Annals of Botany 89: 499-500, 2002
© 2002 Annals of Botany Company
Stable isotope techniques in the study of biological processes and functioning of ecosystems. Unkovich M, Pate J, McNeill A, Gibbs DJ, eds. 2001.
Stable isotope techniques in the study of biological processes and functioning of ecosystems.
Unkovich M, Pate J, McNeill A, Gibbs DJ, eds. 2001.
Dordrecht: Kluwer Academic Publishers. £74 (hardback). 289 pp.
Publishers nowadays seem more diffident about agreeing to publish conference proceedings than was the case a few years ago. I am very glad that Kluwer Academic Publishers saw fit to publish the outcome of the stable isotopes in field biology workshop held in Perth, Western Australia, in February 1999. The workshop was held under the auspices of the Cooperative Research Centre for Legumes in Mediterranean Agriculture (CLIMA 1992–2000) with support from CLIMA, the Grains Research and Development Corporation and The Crawford Fund for International Agricultural Research.

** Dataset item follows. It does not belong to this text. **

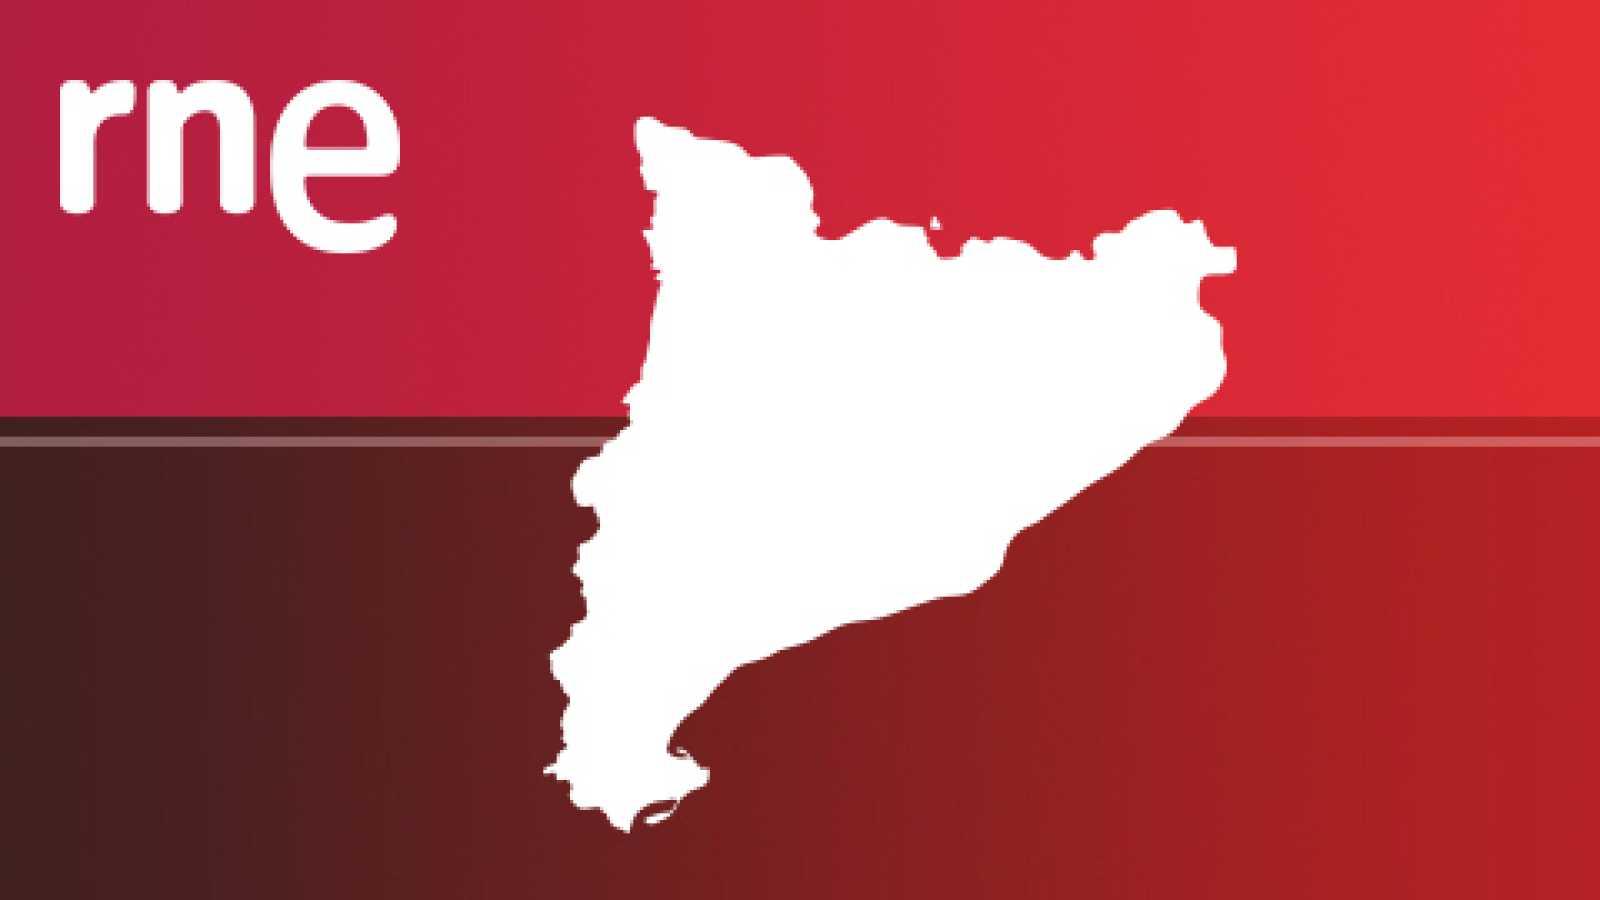 Edició matí Girona- Obre el punt de vacunació massiva a Girona

The workshop aimed to ‘provide practical tools and experiences for researchers and students concerned with how one goes about using stable isotopes in field investigations’. The symposium, and the book, largely reflect expertise carried within Australia, a country that has been, and that remains, a major player in the application of stable isotope techniques to field-based investigations. This accounts for the predominance of Australian examples of the techniques used, and outcomes of the use of stable isotopes in field studies. The first chapter, which introduces basic concepts in stable isotope chemistry, is the only one that involves a senior author not based in Australia. The next three chapters deal with the investigation of water use by plants using natural abundance and enrichment isotope techniques and the stable isotopes of carbon, hydrogen and oxygen.

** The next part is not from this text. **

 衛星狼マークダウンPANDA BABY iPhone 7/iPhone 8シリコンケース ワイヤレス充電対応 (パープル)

The succeeding three chapters deal with the acquisition and metabolism of nitrogen by plants in the context of natural habitats, and of agroecosystems. Most of these studies involve the natural abundance of stable isotopes, but some involve 15N enrichment. There follow three chapters discussing the use of applied (enrichment) 13C and 15N to investigate the fate of metabolites in crop plants and their soil environment. These nine chapters illustrate the use of stable isotope techniques with plants in terrestrial environments, and in some cases with phenomena and organisms that are unique to terrestrial habitats (e.g. transpiration; cultivated higher plants). The final two chapters deal with marine habitats, one with food webs in coastal habitats, and the other with 
13C as an indicator of palaeoenvironment. Chapters 2–11 all contain new experimental data, and many of them include new techniques of measurement and interpretation.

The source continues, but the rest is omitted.